Siberia, the Zambezi River, Java, the Aleutian Islands, China’s Hubei province, Easter Island, the Arctic and the Antarctic… Glenn Schneider certainly likes to get off the beaten track. When he heads off abroad, though, it’s a mission he’s on rather than a holiday. This American astronomer travels the world in pursuit of total solar eclipses. He is what they call in the industry an umbraphile, or shadow-lover.

So far, since his very first one, as a 14-year-old schoolboy in 1970, he has clocked up an impressive 35 eclipses in all. Along with two other Americans, he shares the world record for the greatest number viewed.

A total solar eclipse can only occur when the Sun, Moon and Earth align (in what’s known as syzygy), so that the Moon (if close enough to the Earth) completely blocks out the bright light of the Sun, allowing just the faint solar corona to be visible. It’s rare, occurring somewhere on the planet only every 16 months or so.

Totality – the central phase when the Moon obscures the entire disk of the Sun, and casts observers into darkness – lasts just a few minutes. During all of Glenn’s 35 total solar eclipses, he has spent just one hour and 51 minutes altogether observing totality.

He swears it’s all worth the effort and global travel, though. Anyone who has experienced a total eclipse will know what a thrilling, emotional phenomenon it can be: the beauty of the corona, the diamond ring effect, Baily’s beads (when the light shines through the valleys on the Moon’s surface), and the way the lunar shadow rolls in rapidly from the west, imposing night-time in the middle of the day.

The air temperature drops, the wind changes, birds and other wildlife become visibly confused. First-time human observers never really know how they’re going to react to this cosmic spectacle: some are stunned into silence, some cheer, some scream, some even burst into tears.

“You really feel your place in the universe,” Glenn explains. “It's a connection to celestial mechanics in a very visceral way.

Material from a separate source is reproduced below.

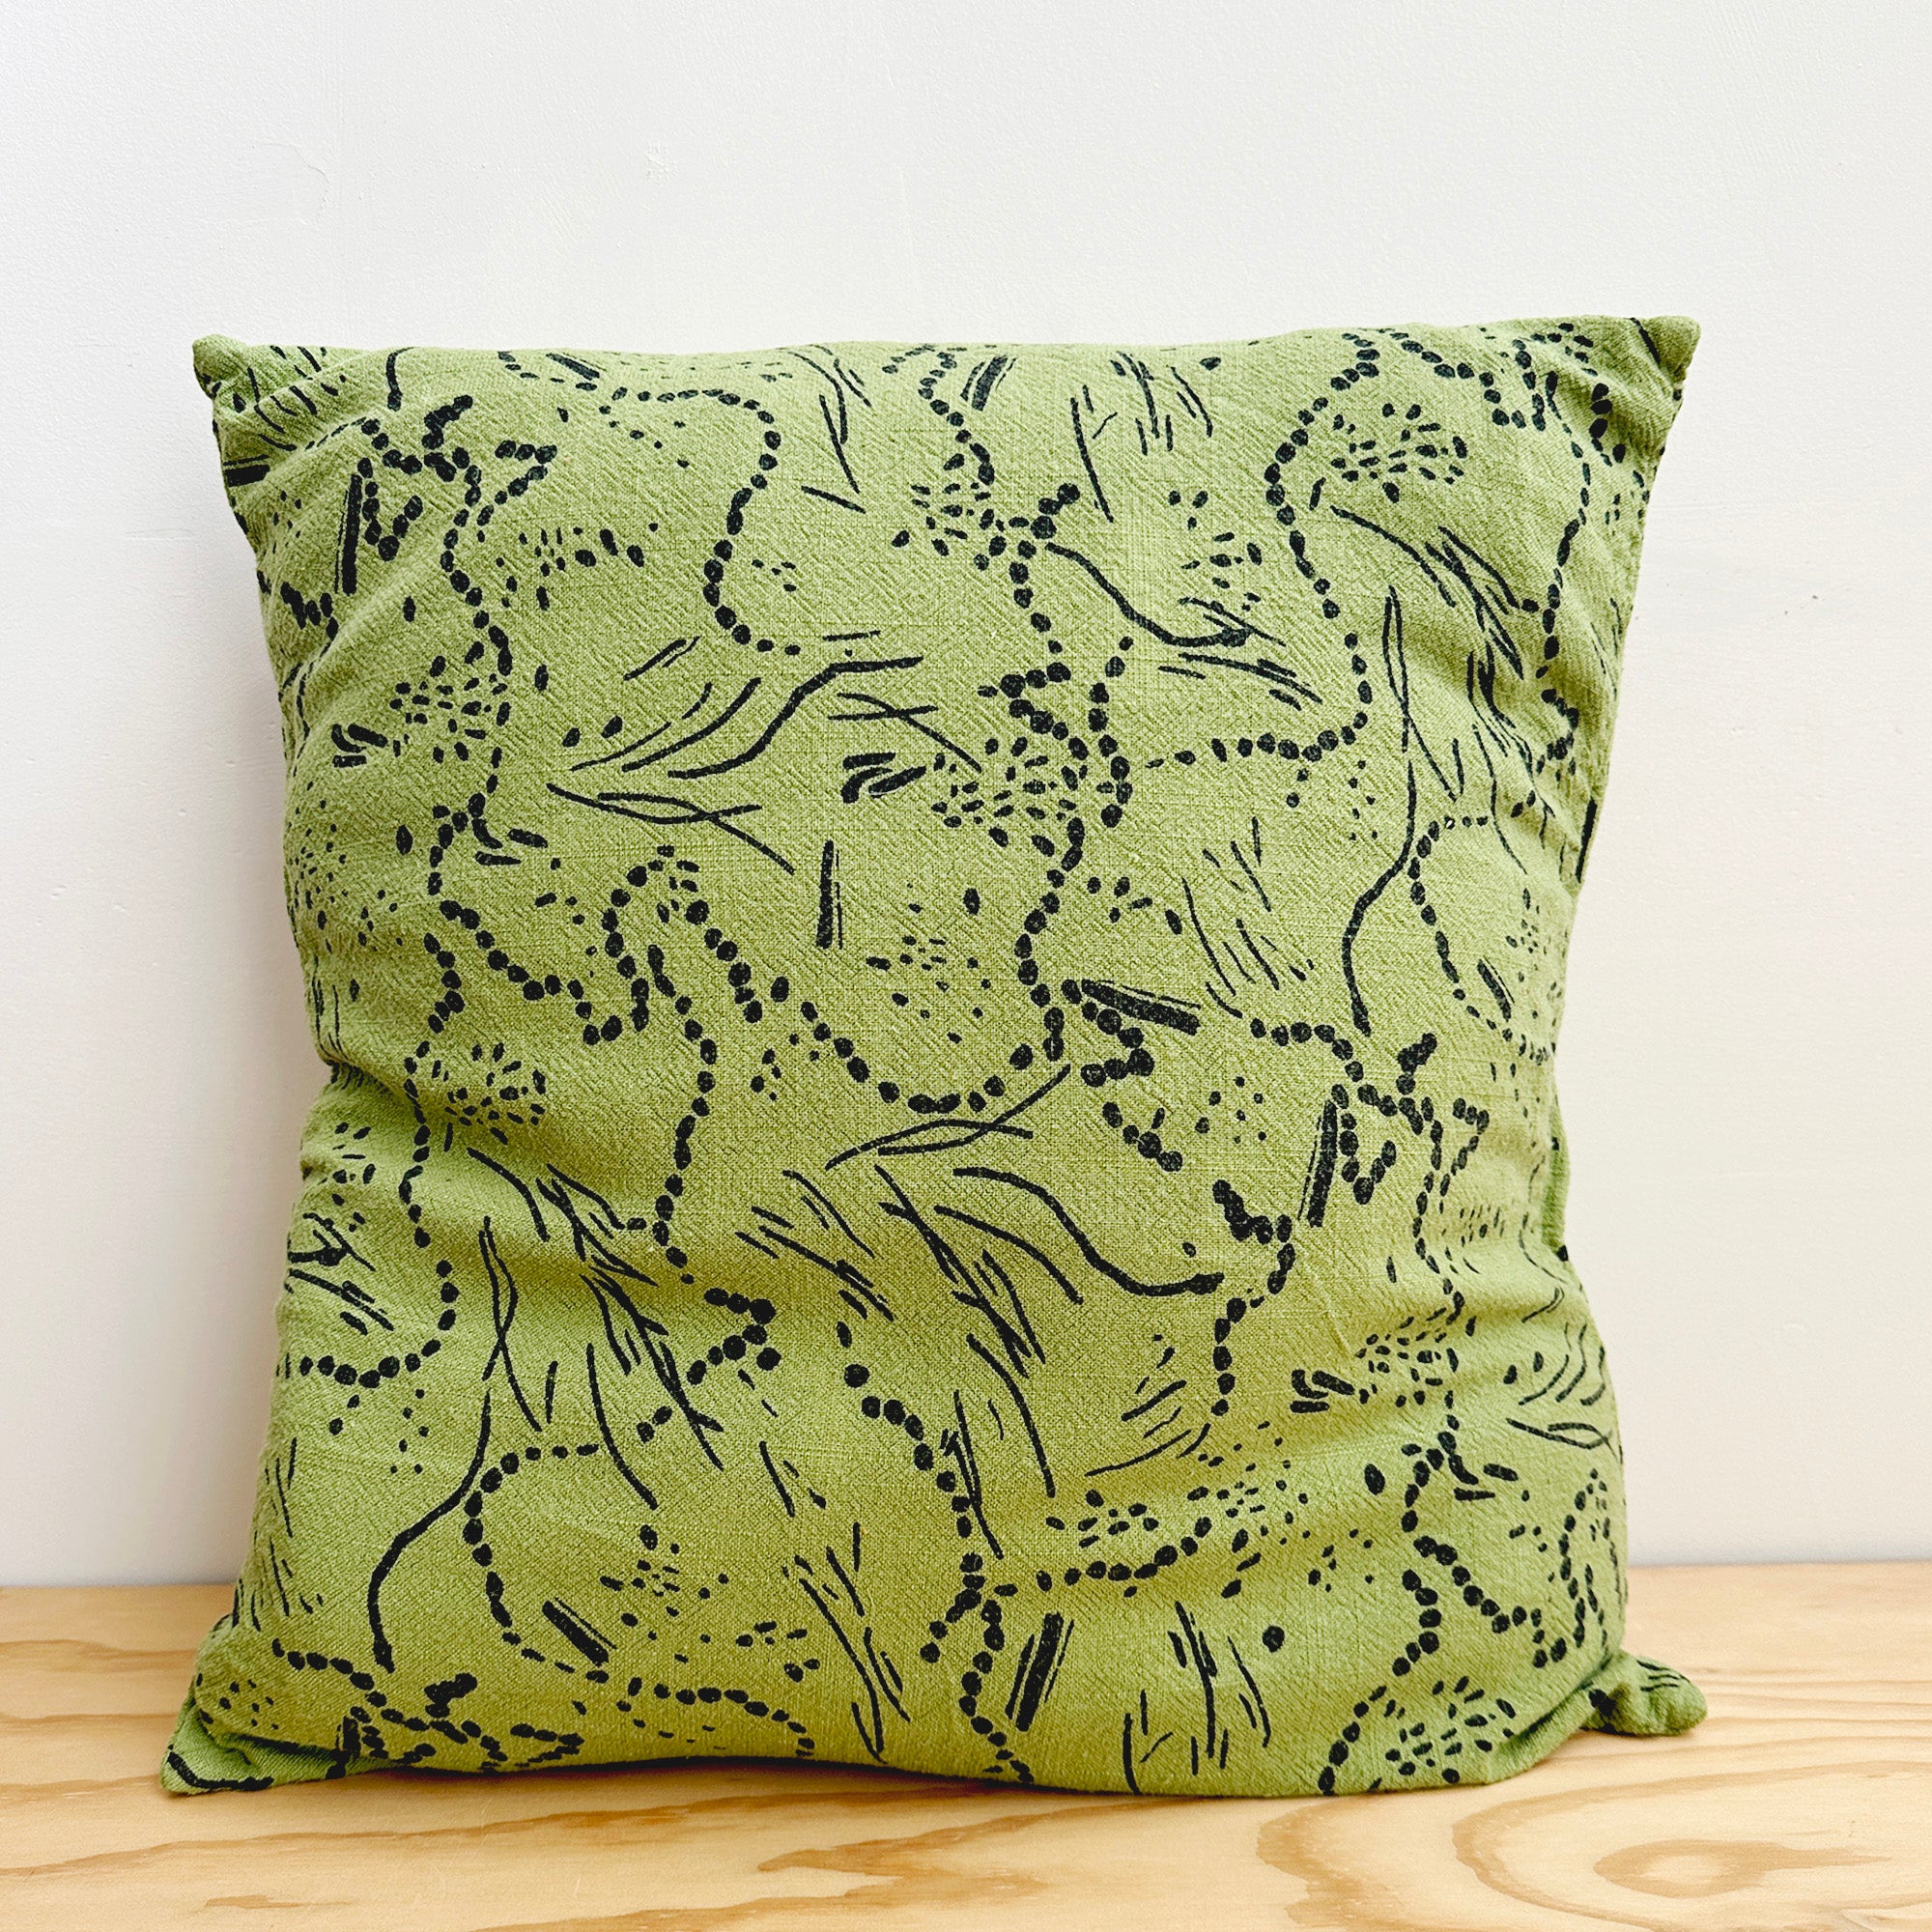 The Square Throw Pillow - Drape in Midnight and Moss

It connects the scale of human experience to celestial experience.”

It’s thanks to a beautiful astronomical coincidence that we are able to experience total solar eclipses at all. The Sun’s diameter is 400 times the Moon’s, and the Sun is, on average, 400 times further away than the Moon. This makes both bodies appear the same size in the sky, so that, in a total solar eclipse, the Moon blocks out the Sun perfectly.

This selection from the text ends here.